I don't know what possessed me to decide on it. I think it was because I happened to be in front of the liver section when they were closing the meat department. But the only thing I could think of at the time was to pick up the calves liver as the guy was pulling the sheet over the cooler.
Well, no big deal. Real Macho 'Merican Men can make it on their own with what's available. What the heck I thought. Meat is meat. Liver is meat. So how hard can this be? I've got the meat. What else can I cook? Well, I can cook spaghetti. So how hard can liver spaghetti be?
Well, as it turns out the trick is not making the liver spaghetti — that's pretty easy after you get by the light shade of green the meat turns when you're brazing it. No sir, the trick ain't in cooking it.
The real trick is eating it. Getting it down as it were. And keeping it down. Yep, that's the trick.
Let's say you want to find out how many bathrooms the average American home has. All you got to do is serve up a nice family size portion of my now world famous liver spaghetti and before you know it, the number of people missing from the table is the exact number of bathrooms in the house — adjusted, of course, for the number of family dogs that usually beg for food under the table and are now puking all over the floor on your kid's gym bag that you told her to put away when she walked in the door but she didn't do it because the phone was ringing and now she won't touch the bag because YOU MADE THE DOG SICK NOT ME SO WHY SHOULD I CLEAN UP A BUNCH OF JUNK THAT'S SO BAD THE DOG CAN'T EVEN KEEP IT DOWN.
Enter genetics. The Kid is now 14-years old. Taking cooking lessons from She Who Must Be Obeyed. Feeding it to He Who Must Obey.
So one night my wife and I get home to discover that The Kid has cooked dinner and had an ugly bout with genetics, all in the same night.
I never told her the Craig Goodrich And The Great Goulash story. She decided all by herself to make tortellini for us. So she started out with equal parts of tortellini: three of us meant three cups of the pasta. Didn't look like enough once it got up on step into a rolling boil.
So she added three more cups. And then the package was almost empty so there was no sense in keeping the two cups left over. Now we're up to 8 cups of tortellini and the largest pot in the house. Actually, as it turned out, she needed the two largest pots in the house after she had The Ugly Boil Over Incident.

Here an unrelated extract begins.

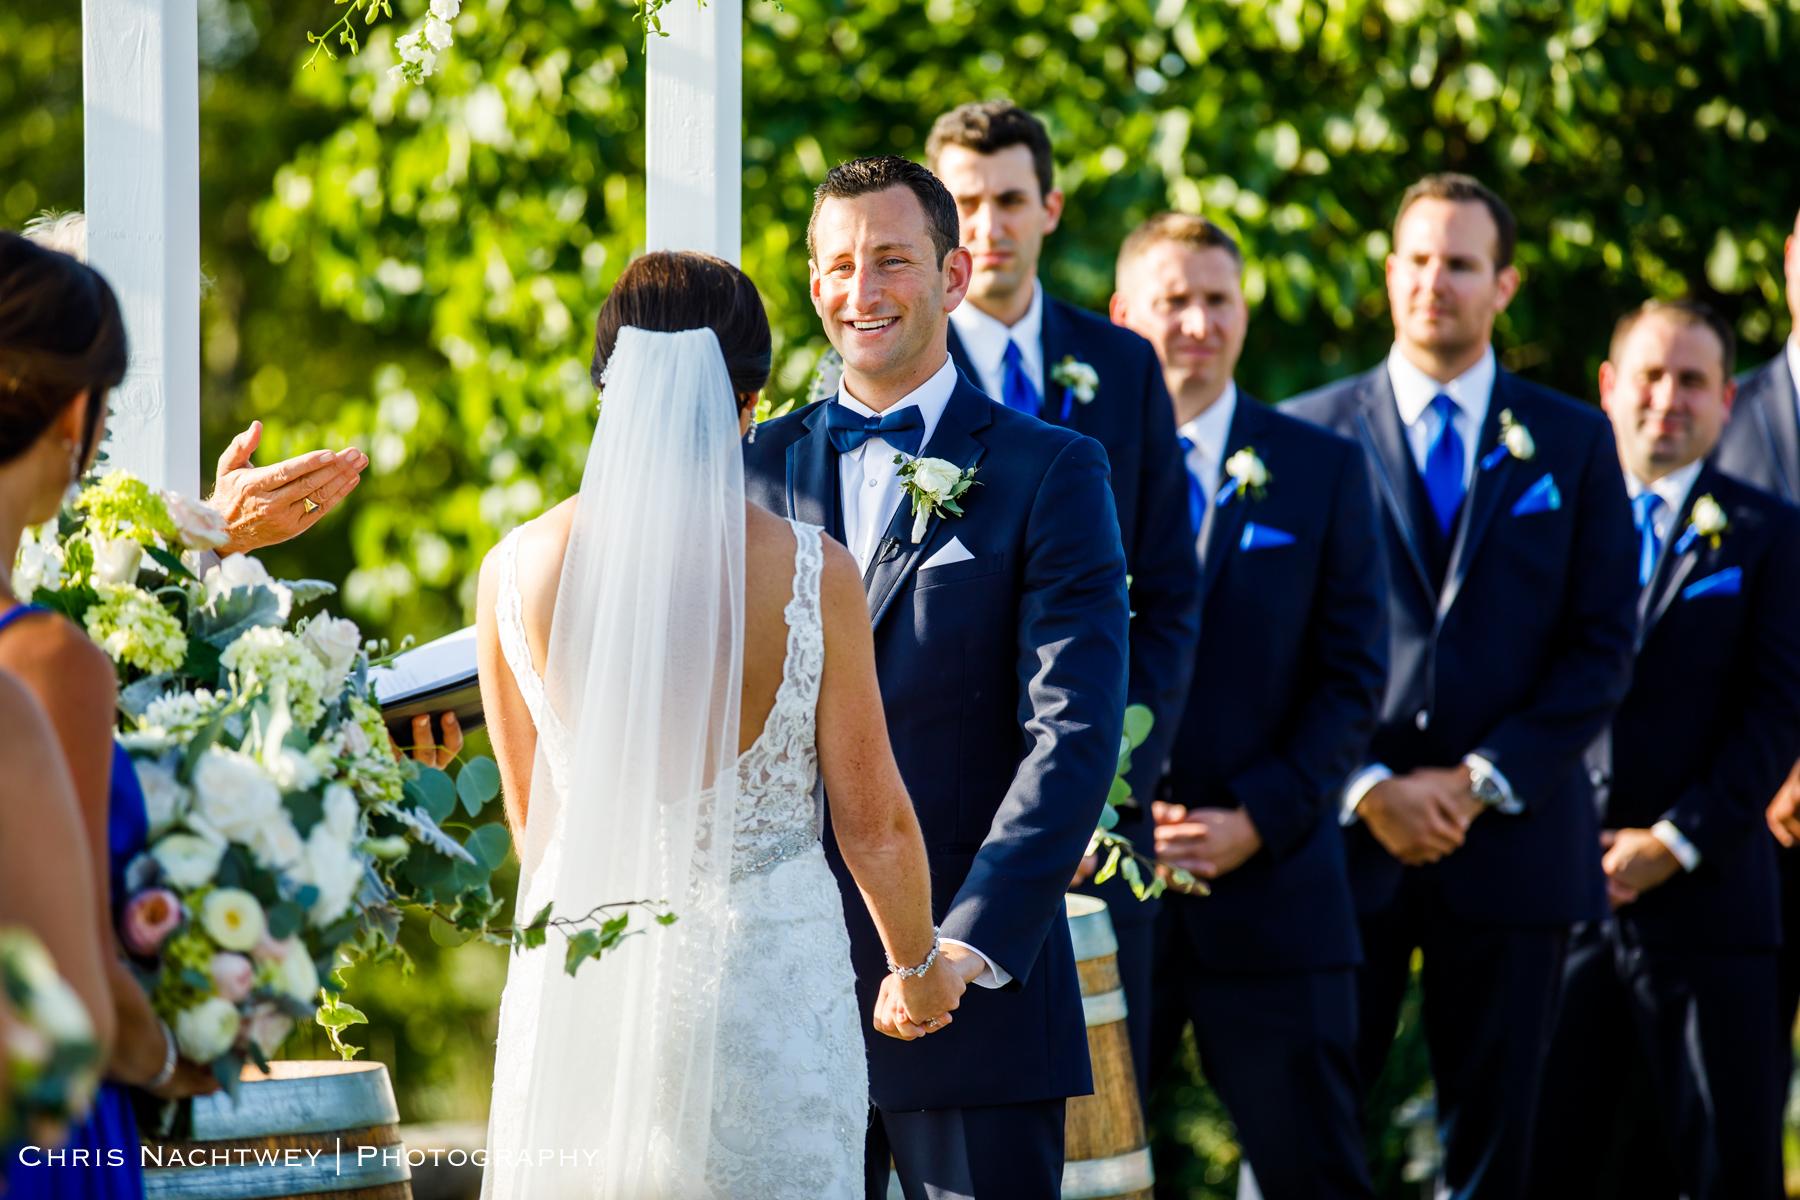 wedding-lake-of-isles-photos-chris-nachtwey-photography-2019-32.jpg

And that took away the pot she'd put aside for the three 64 ounce jars of Prego sauce. Which meant, by logical deduction of course, that the next best thing to use would be the three cast-iron high-sided frying pans we use to fry salmon in.
And since we were due home at any minute, everything cooks on 'High'. Or burns on 'High'. Yep. No doubt about it. That's MY girl. Taught her everything I know and she still don't know nothin'.
Sometimes it goes on like this for days and days. And then you learn how to cook. And then you don't. And then you've got enough fishy tortellini in the refrigerator to feed the entire Yupik Eskimo Nation. And then it gets worse.